About art pieces that Mr. Nishida has been producing in parallel with DEVOA.
“Close to the sense that it defines the essence as a designer”, his artworks are expressed by integrating the philosophy and sense of him, as a designer.
He has held installations in Shanghai, Berlin, and Kyoto, and has also spoken about future prospects as well as continuing to create relations to DEVOA through his art.

Raised in Nagasaki Prefecture.
After working as a sports instructor, he founded the brand in 2005.
Patterns and high-quality manufacturing is based on his own experiences and knowledge, attracting the support of core fashion lovers from both Japan and overseas.
---You have held exhibitions in both Japan and overseas, when did you first start creating your art pieces?
The first art piece I made was "Bone Extention” which was around 7 to 8 years ago.
It was an art piece using my medical science knowledge and leather that was used as the foundation and origin of DEVOA.
It was created by fusing the unique treatment of muscle structure and leather, which is used for fracture or bone extension.
I think that my medical knowledge, three-dimensional patterns, leather handling and more are included when expressing DEVOA products.
Since then, I have also created art pieces as a way of expressing ideas.
Currently, we carry out exhibitions only around once a year, for both in Japan and abroad.

Title : Bone Extention
Size : 87cm×40cm (diameter)
Made
and inspired by the Bone extension surgery used in actual
medicinal science.

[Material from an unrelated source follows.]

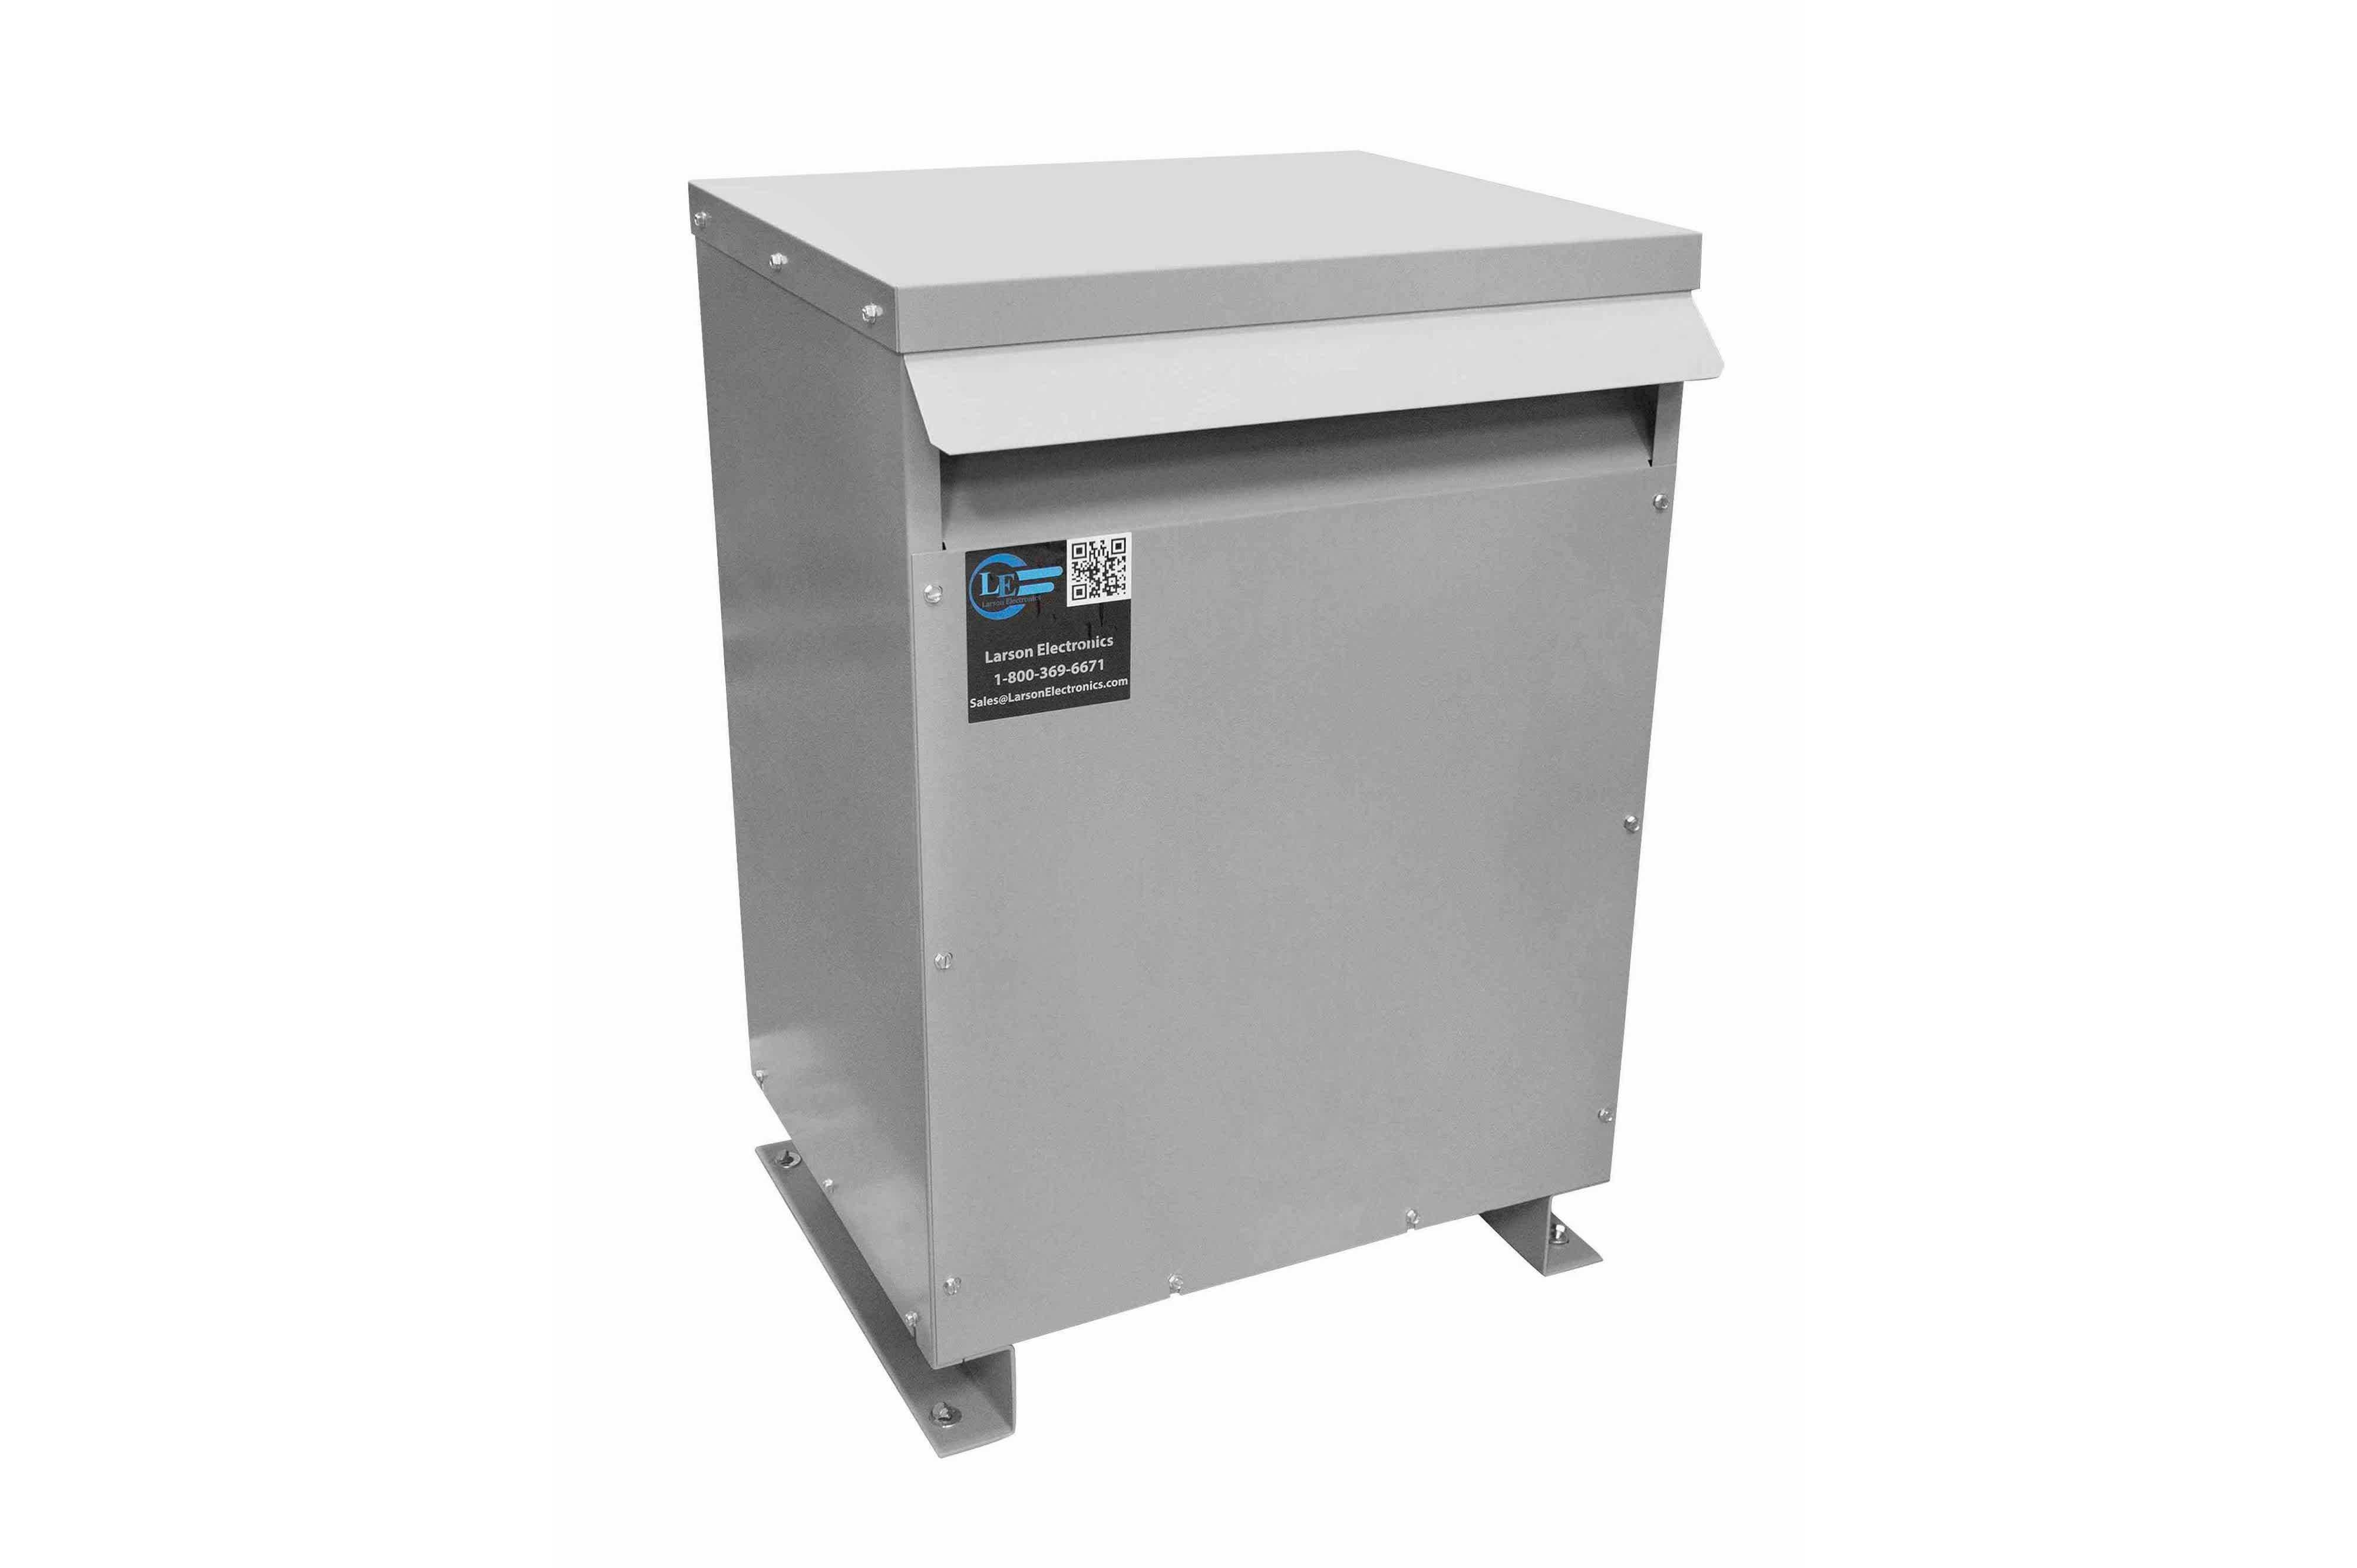 100 kVA 3PH DOE Transformer, 460V Delta Primary, 380Y/220 Wye-N Secondary, N3R, Ventilated, 60 Hz

Shaped using leather.
---How and why did you start making art pieces?
DEVOA has always been a platform for me to challenge producing with philosophical ideas.
It is a trigger for me to think about what kind of expressions I want to show in the brand other than clothes.
---Are there any relationships between DEVOA clothing and the art pieces?
Some are related but others are not related to the clothes of DEVOA at all.
There are many art pieces that are made from materials like clothing.
With regard to the folding screens, Japanese traditional craftsmen are also making an effort to produce them which is a big help and great experience as it is something that DEVOA cannot do.
Although DEVOA is my own and is preceded by anatomic images, these art pieces give me a sense of training in manufacturing, since it is purely influenced by one's own sense.
I think that it is close to the sense of polishing the essence, as a designer.
Whether it is pottery, fresh flowers arrangement or folding screens, I think that the designer's sense is questioned for everything he creates.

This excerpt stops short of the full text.